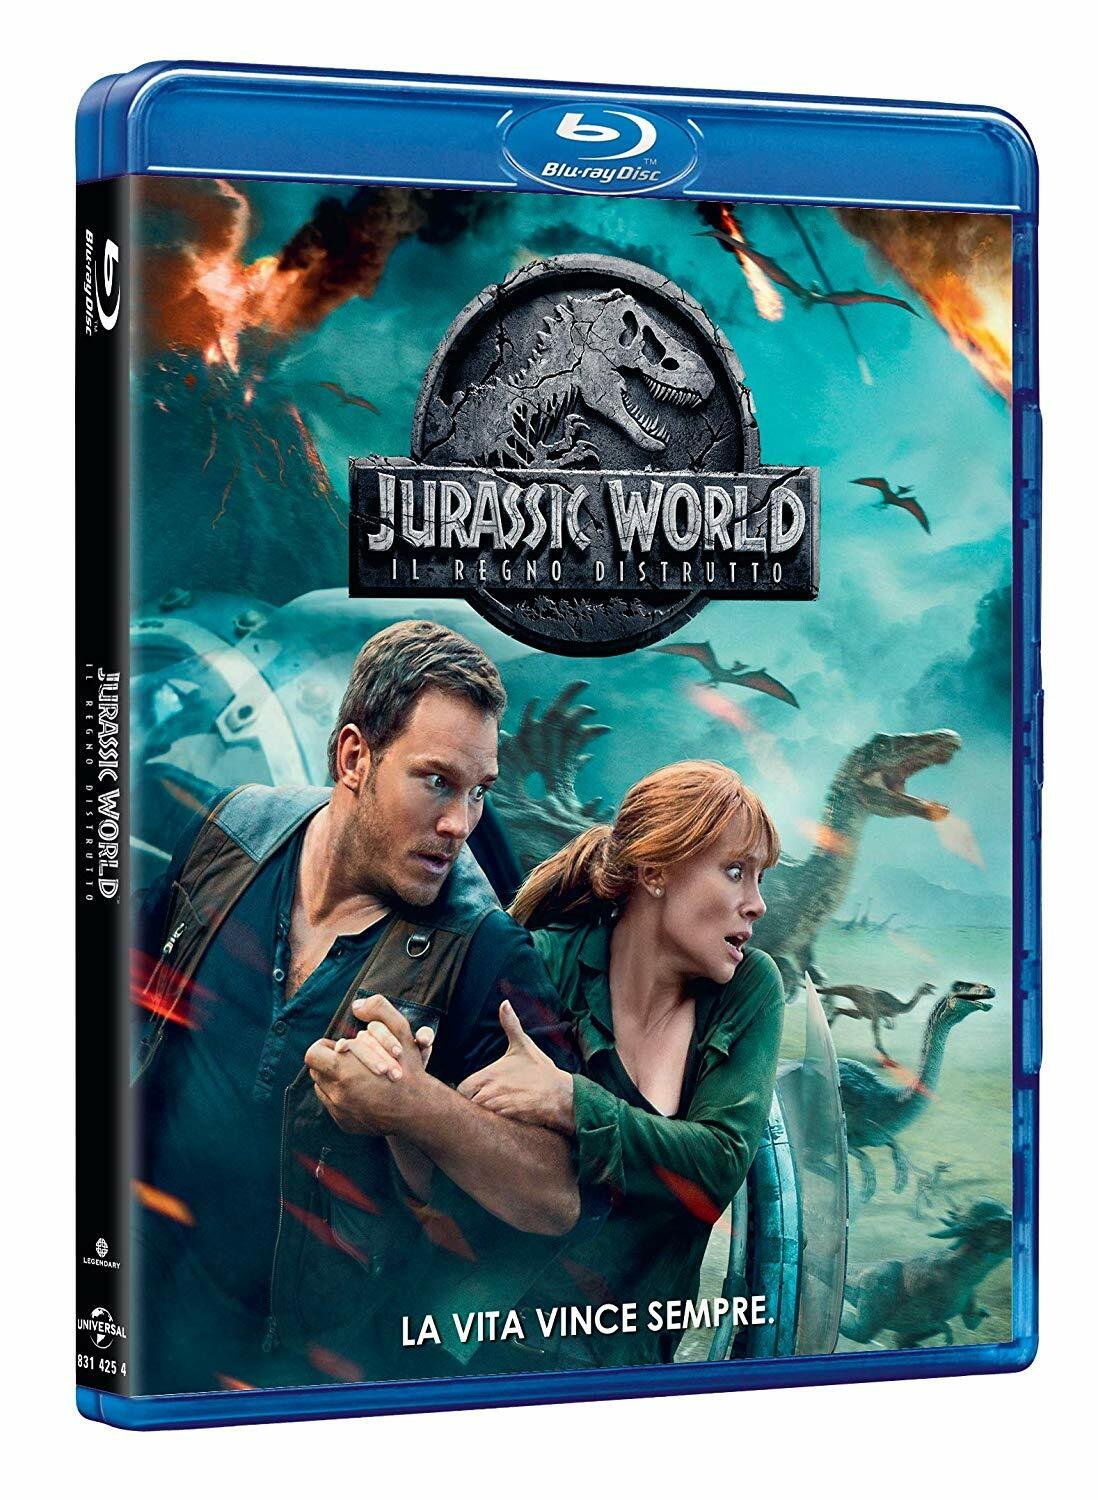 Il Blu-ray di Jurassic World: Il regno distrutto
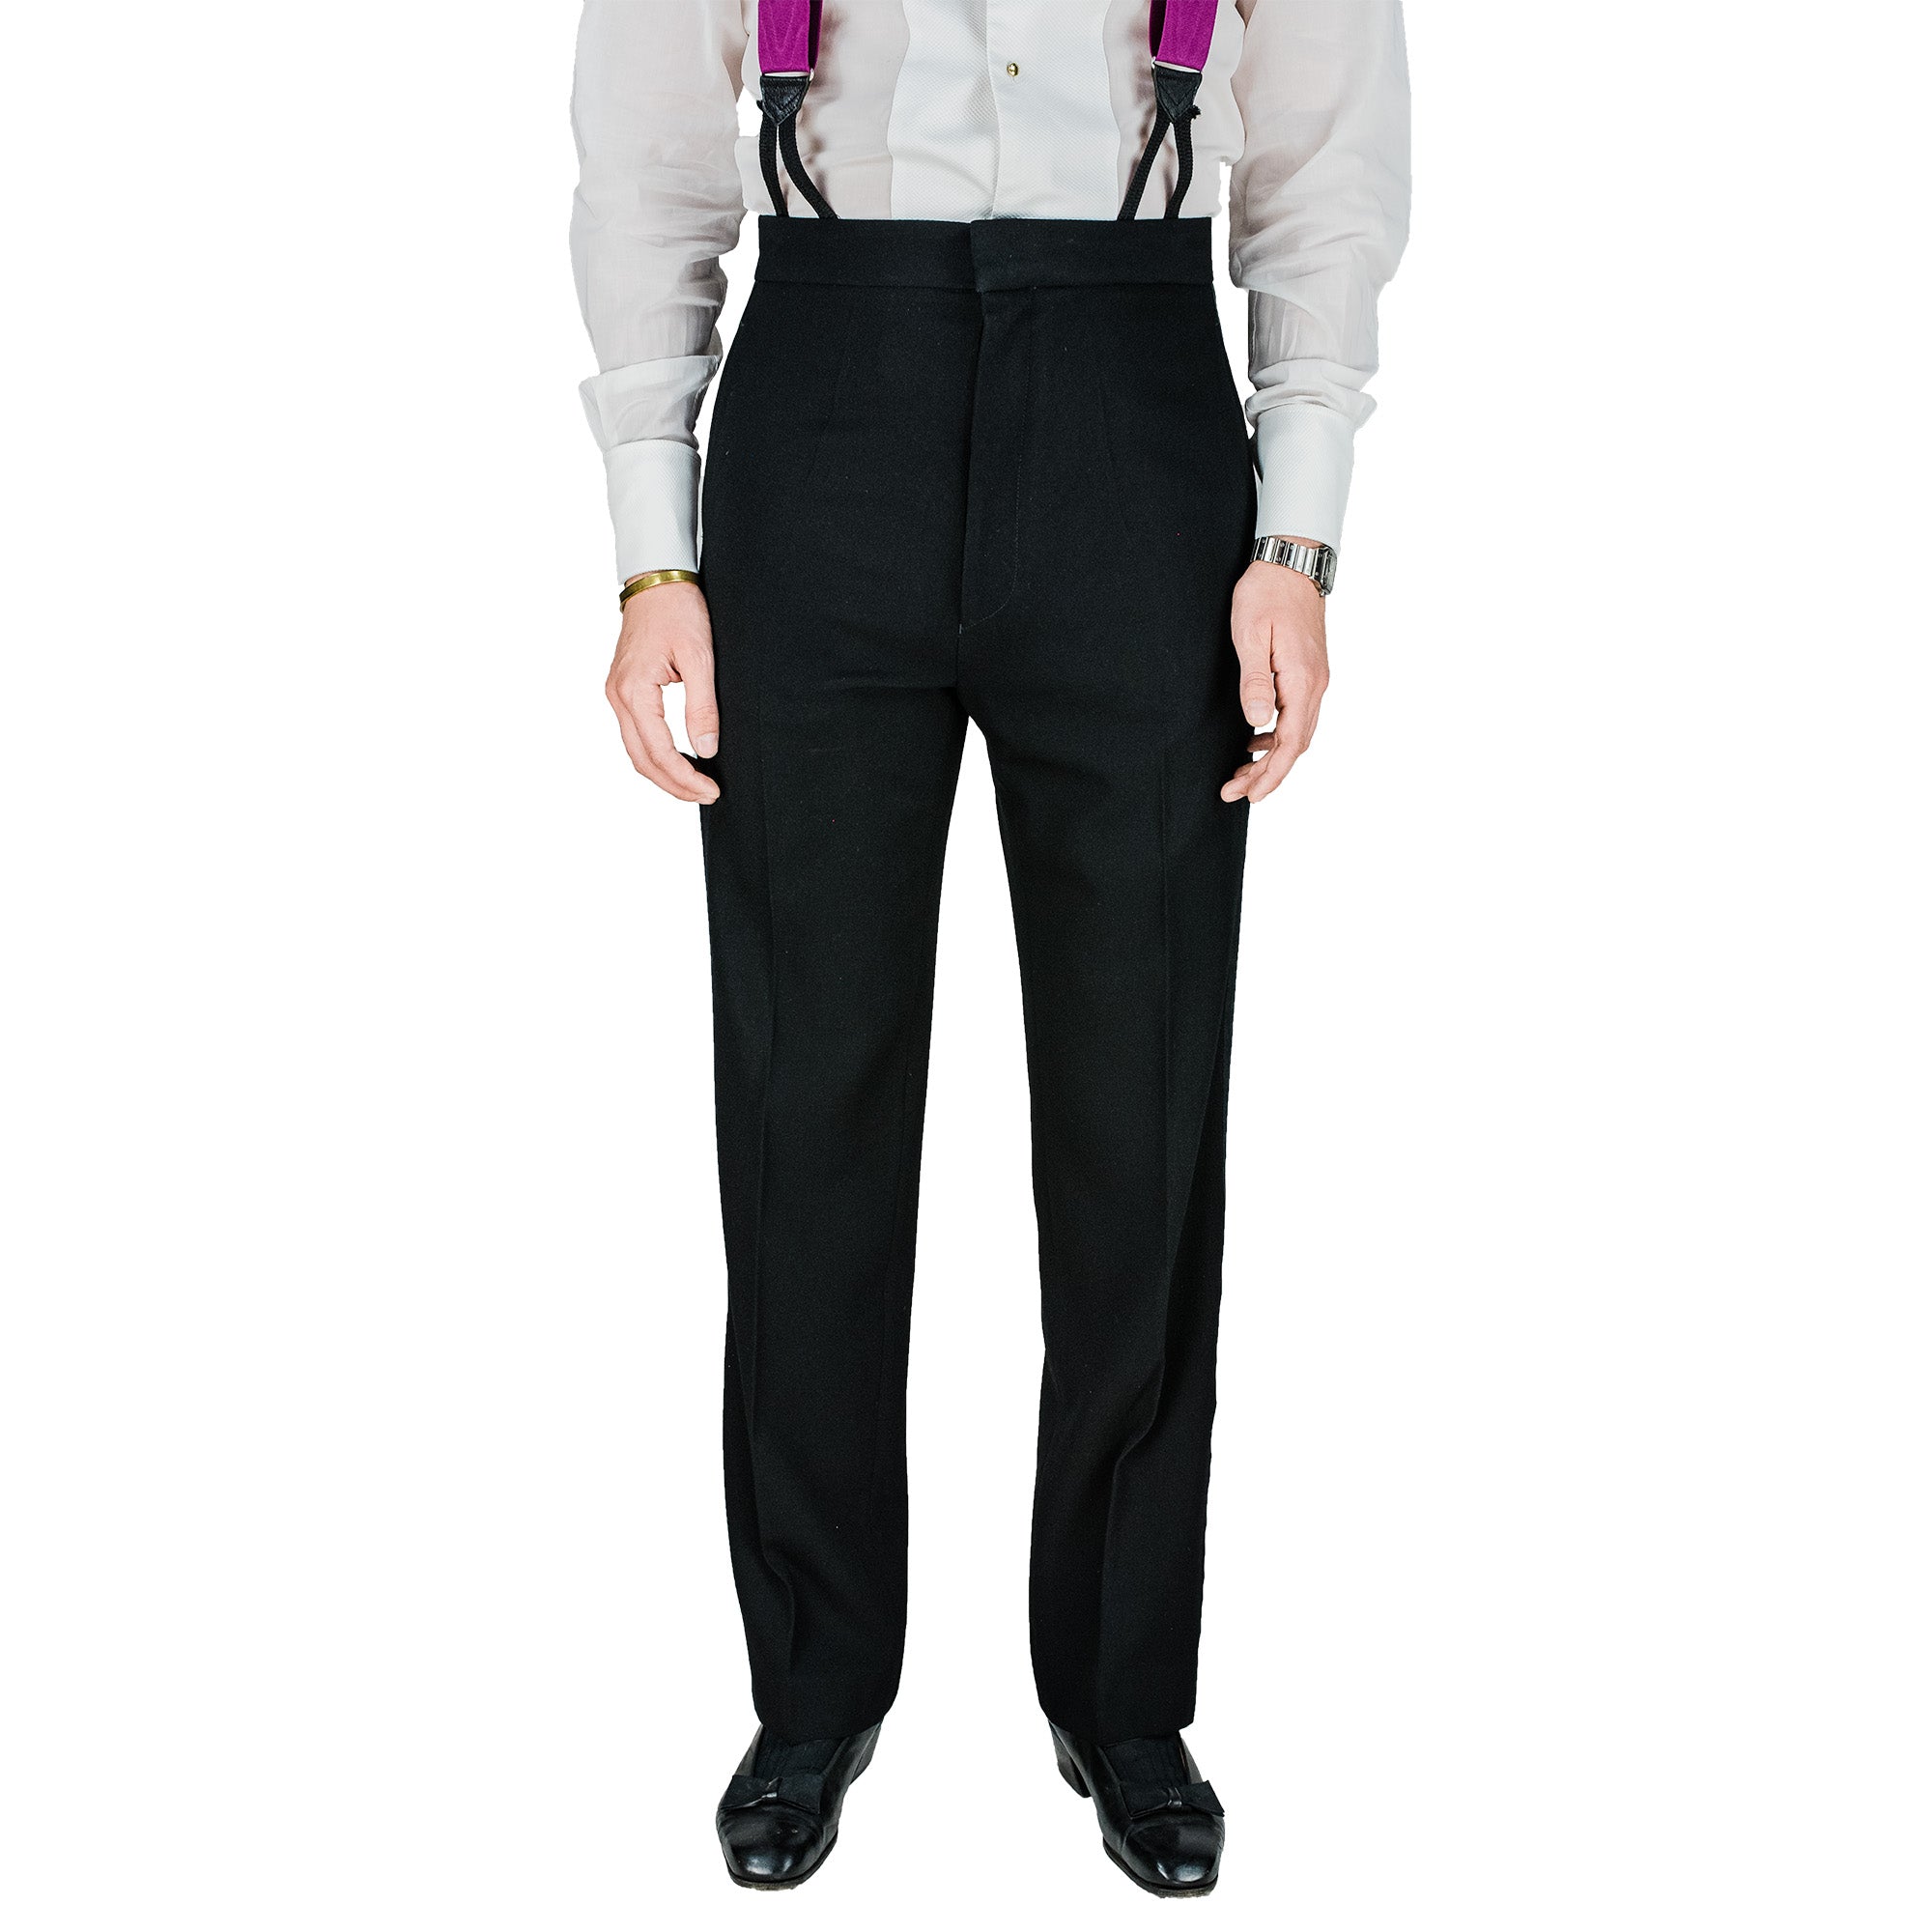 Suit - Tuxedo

· · ·

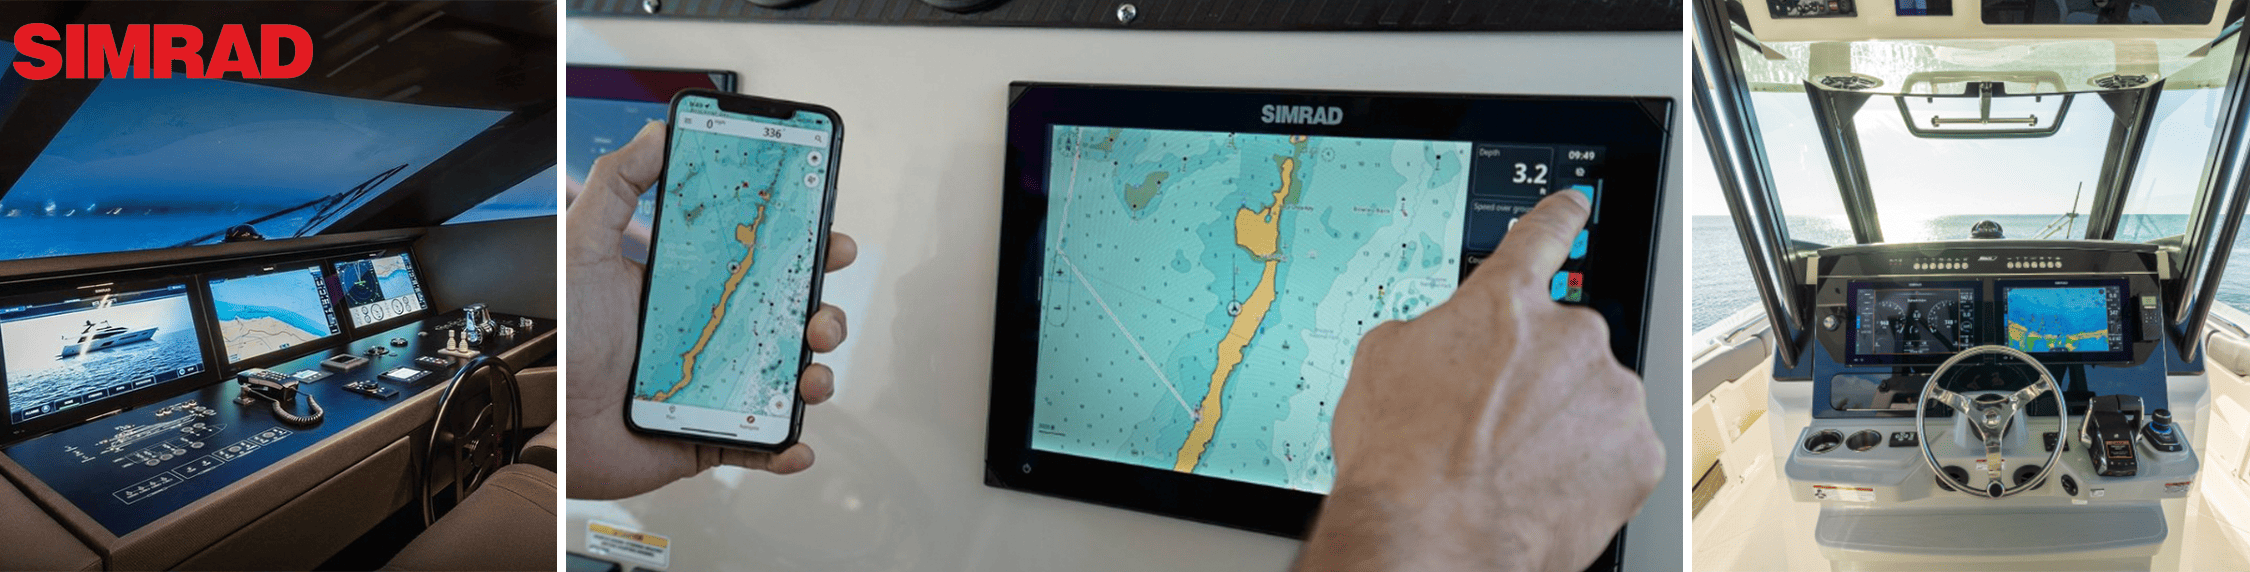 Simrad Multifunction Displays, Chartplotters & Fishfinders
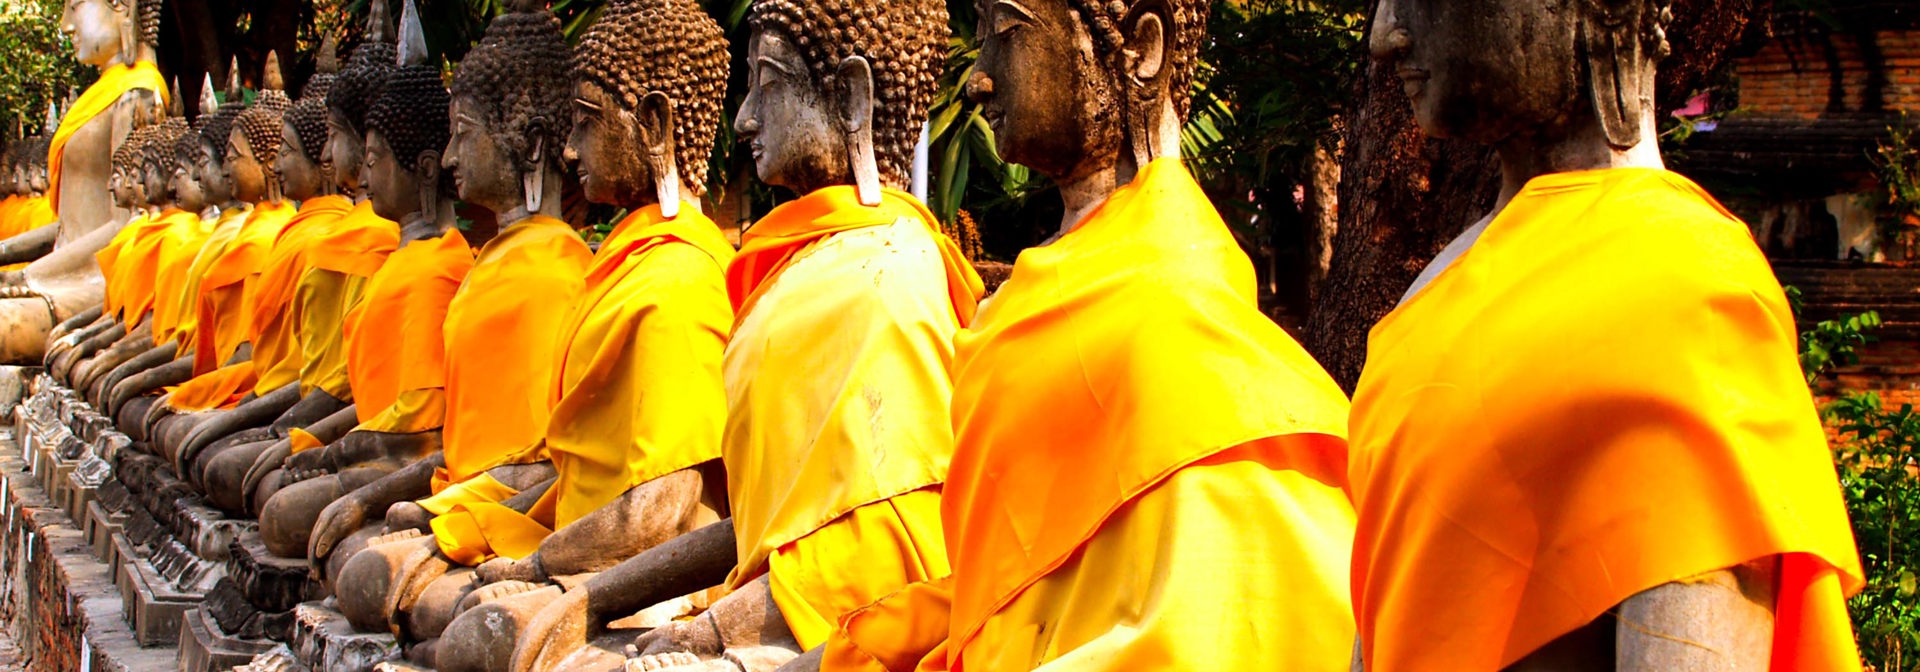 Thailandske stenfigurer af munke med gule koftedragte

· · ·

Instructions for the task
Look above for the line with "Il Blu-ray di" and copy exactly from it through the line with "Suit - Tuxedo", both included. Omit the pictures.

Reply to the task
 Il Blu-ray di Jurassic World: Il regno distrutto
 Suit - Tuxedo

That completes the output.